Late last week, President Donald Trump made the unsurprising announcement that he would remove the United States from a pact with 194 other countries to mitigate greenhouse gas production and fight global warming. Here in Baltimore, three of the city’s most influential figures responded with criticism, resilience and promises.
The first denouncement came from someone who’s actually gotten a seat at the table with Trump. In a statement put out on Friday, Under Armour CEO Kevin Plank said in a statement that his firm was “disappointed” by the president’s choice, “as climate change continues to threaten our planet, our cities and our economies. Climate change is real and must be taken seriously by our business community, our customers, our neighbors and our elected officials.”
Plank also said he believes in “keeping one’s word,” referring to Trump’s decision to back the nation out of the deal after it already signed on in April 2016. Under the terms negotiated by President Obama’s administration, the United States had agreed to reduce its emissions from 2005 levels by 26 to 28 percent, rearing up a global effort with fellow top polluter China.
Trump technically did keep his word. He campaigned on a promise to get the United States to leave the agreement once he became president, so as to protect jobs in the fossil fuel industry. In his Thursday speech, he said in part, “As someone who cares deeply about the environment, which I do, I cannot in good conscience support a deal that punishes the United States — which is what it does.”
Pugh’s response followed Plank’s. The mayor said in a statement on Saturday that Baltimore “is committed to taking action in our Nation’s collective efforts to reduce its environmental impact,” and that the city “cannot ignore the urgency” of the need to lower carbon emissions.
Johns Hopkins University joined the statement-based resistance today. President Ronald Daniels signed onto a letter with presidents from Ivy League colleges and other top institutions promising to continue acknowledging the very real threat of climate change and find ways to further lower emissions. According to the Hopkins Hub, the school curbed its emissions by 30 percent from 2007 to 2015, and has new targets in its sights.
Both Under Armour and Baltimore City have taken steps to prioritize sustainability and cutting carbon output. Plank’s firm has included reducing emissions in construction and transportation in its sustainability vision, and is ranked among the top “green” companies by Newsweek and financial analysts at Morgan Stanley.

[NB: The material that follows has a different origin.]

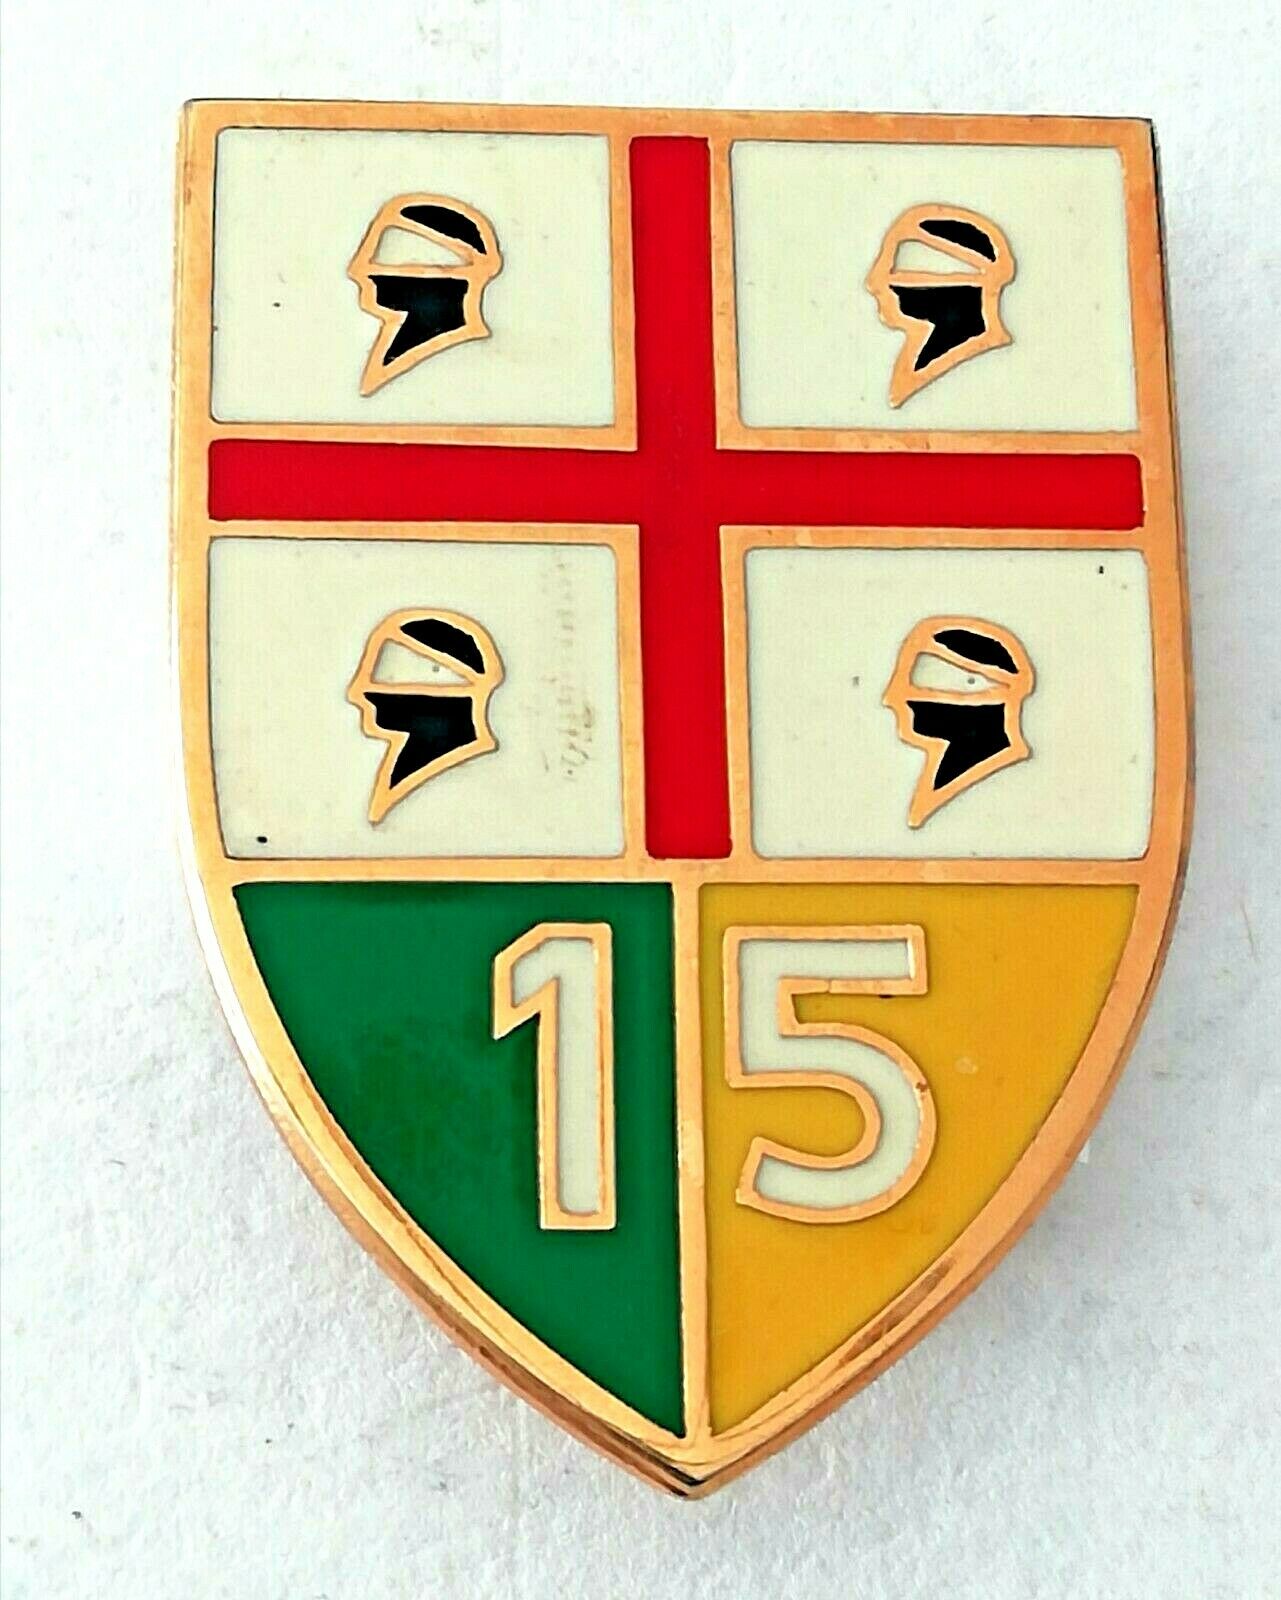 Arms of 15th Legion of the Financial Guard

Baltimore adopted its own Climate Action Plan years ago, and has extended those goals by setting a target to lower 2010 emission levels by 15 percent within the next three years. The city also accounts for “climate change adaptation” in its Disaster Preparedness Plan, with a goal to address risks and hazards caused by predicted shifts in our climate.
Plank’s criticism is a bit more surprising than Pugh’s, given that he sits on the president’s Manufacturing Advisory Council. The last time he made headlines related to Trump, it was after he voiced support for the president, which resulted in a bitter helping of consumer backlash.
Mayor Pugh still hasn’t signed onto a circulating pledge for mayors around the country to resist Trump’s forced departure from the Paris climate agreement, which is scheduled to actually happen in 2020. So far, 211 of Pugh’s colleagues in other cities have signed onto the generally worded promise to up their cities’ climate-protection goals.